### Assignment
Starting at the line that contains "Рамка под номер", write out every line through the end of the records below exactly as it appears, and leave out all pictures.

/---

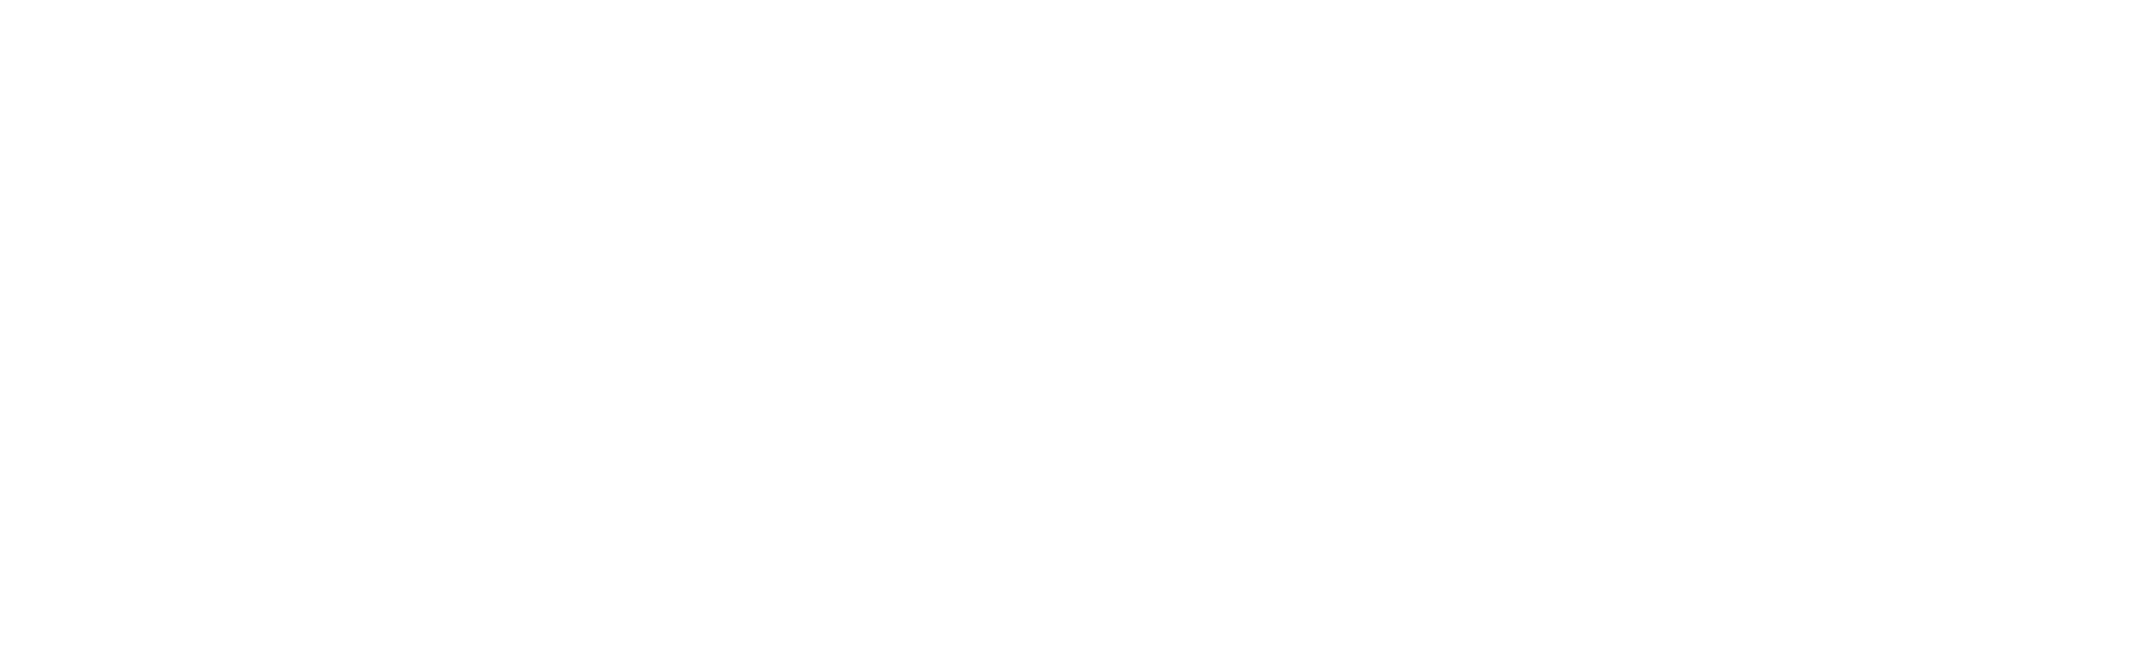 Startup Ummah
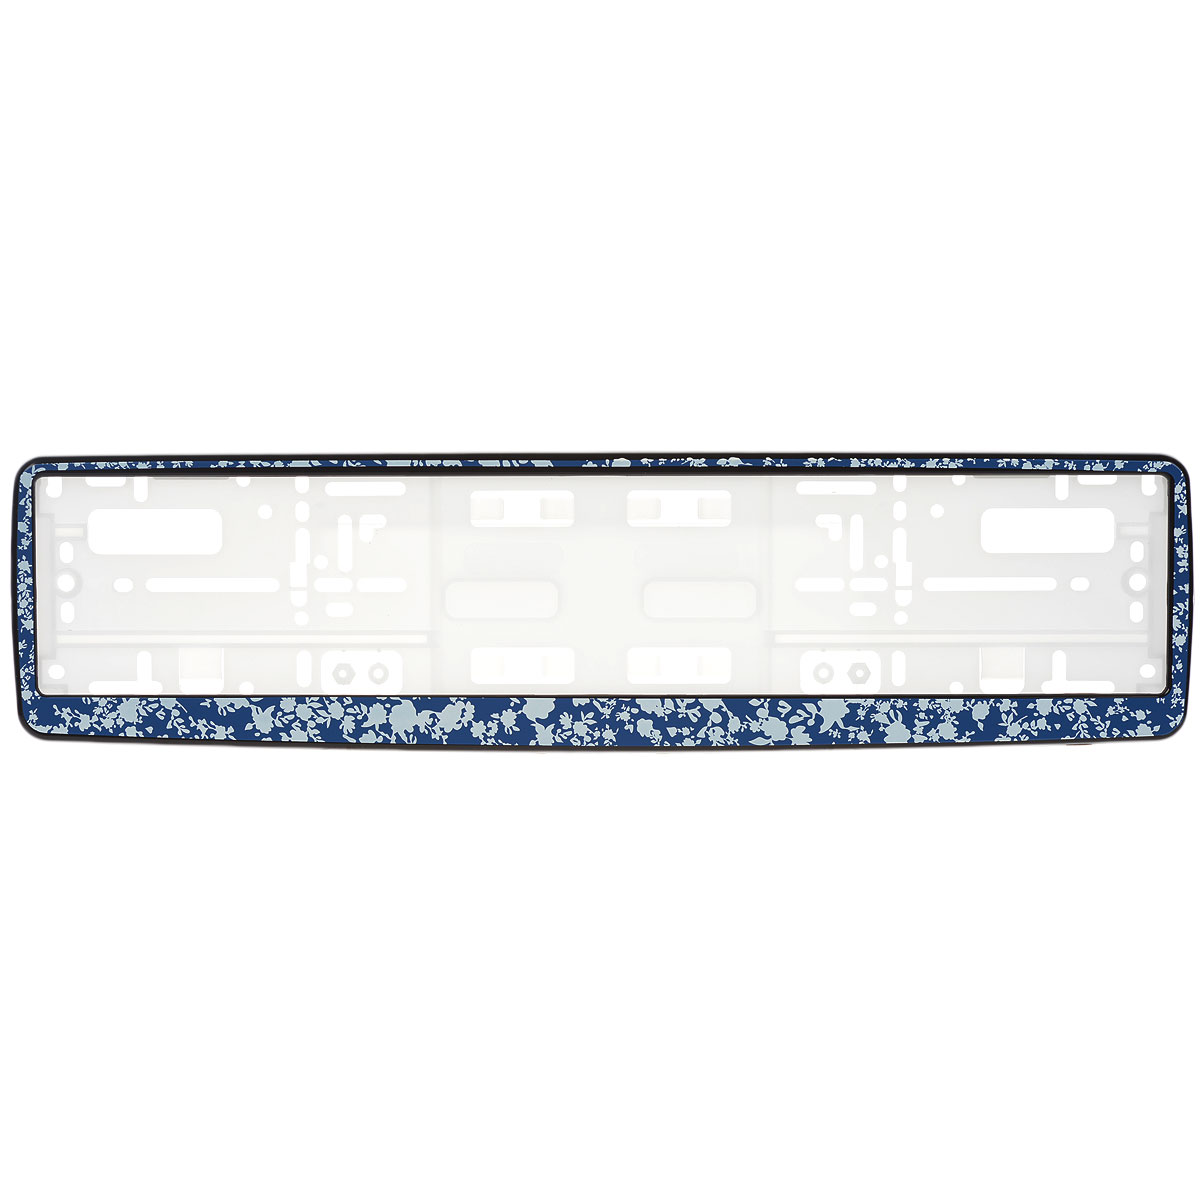 Рамка под номер Синие цветыЗ0000014184Рамка Синие цветы не только закрепит регистрационный знак на вашем автомобиле, но и красиво его оформит. Основание рамки выполнено из полипропилена, материал лицевой панели - пластик.Она предназначена для крепления регистрационного знака российского и европейского образца, декорирована орнаментом. Устанавливается на все типы автомобилей. Крепления в комплект не входят.Стильный дизайн идеально впишется в экстерьер вашего автомобиля.Размер рамки: 53,5 см х 13,5 см. Размер регистрационного знака: 52,5 см х 11,5 см.
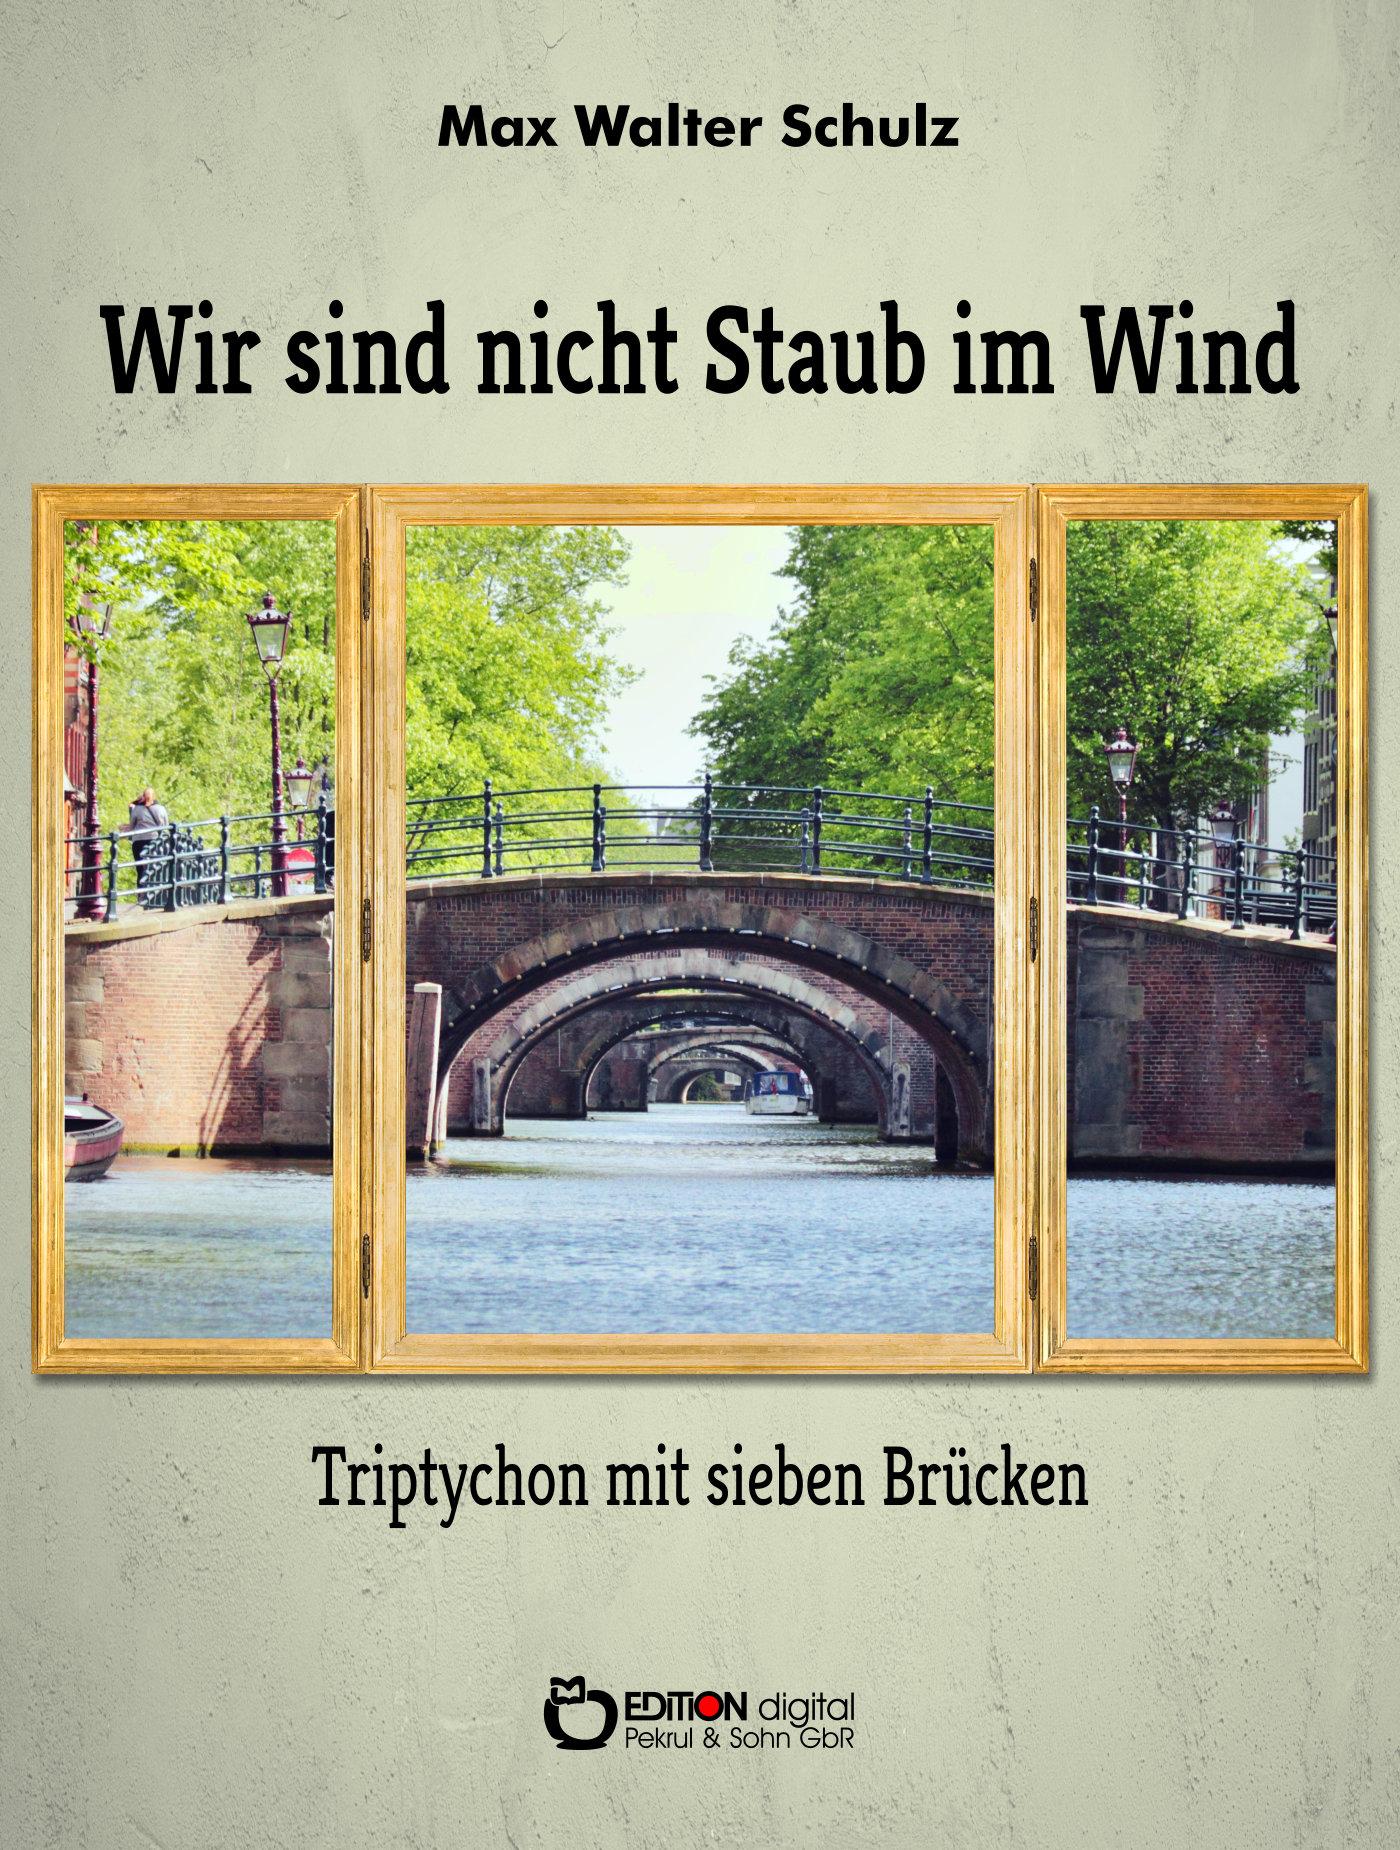 Wir sind nicht Staub im Wind - Triptychon mit sieben Brücken von Max Walter Schulz
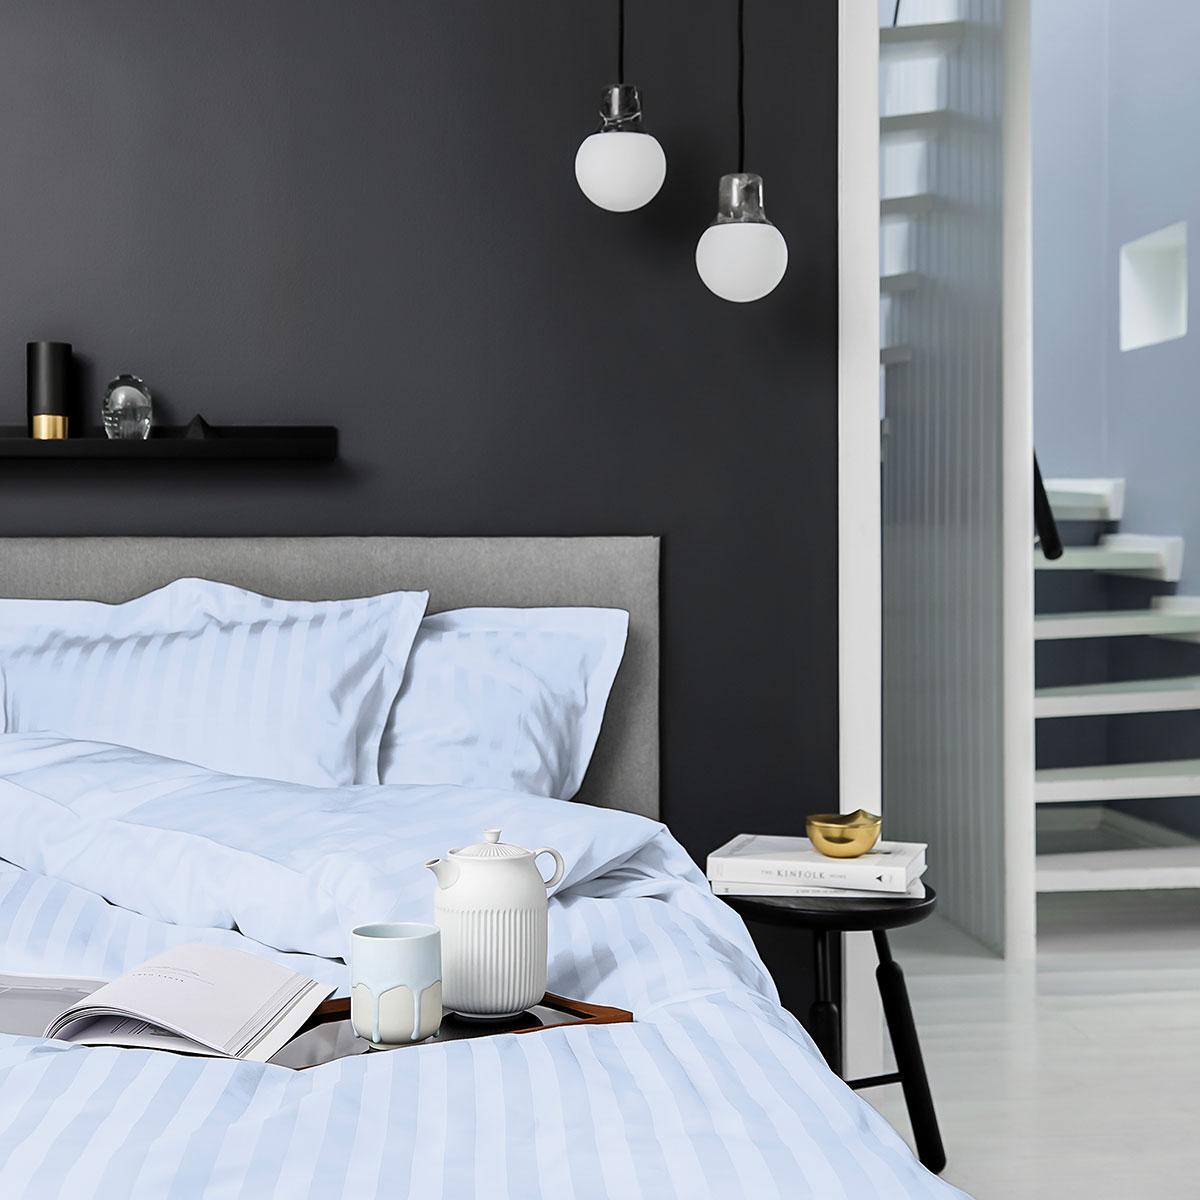 Billede af Georg Jensen Damask sengetøj - Vertical - Light blue
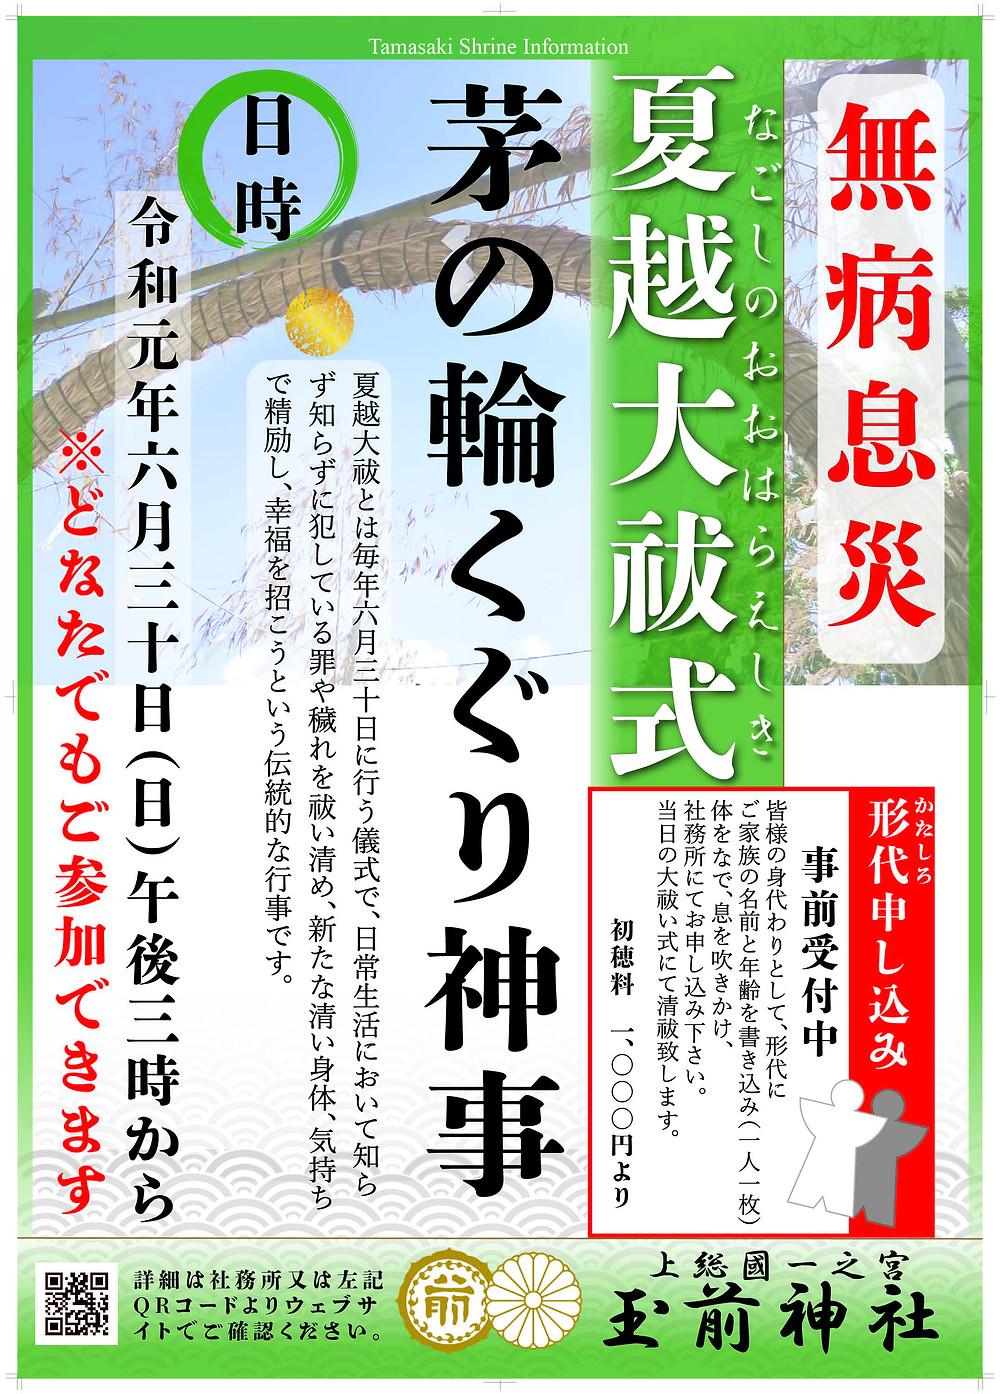 6月30日(日) 15:00 夏越大祓

\---

### Solution
 Рамка под номер Синие цветыЗ0000014184Рамка Синие цветы не только закрепит регистрационный знак на вашем автомобиле, но и красиво его оформит. Основание рамки выполнено из полипропилена, материал лицевой панели - пластик.Она предназначена для крепления регистрационного знака российского и европейского образца, декорирована орнаментом. Устанавливается на все типы автомобилей. Крепления в комплект не входят.Стильный дизайн идеально впишется в экстерьер вашего автомобиля.Размер рамки: 53,5 см х 13,5 см. Размер регистрационного знака: 52,5 см х 11,5 см.
 Wir sind nicht Staub im Wind - Triptychon mit sieben Brücken von Max Walter Schulz
 Billede af Georg Jensen Damask sengetøj - Vertical - Light blue
 6月30日(日) 15:00 夏越大祓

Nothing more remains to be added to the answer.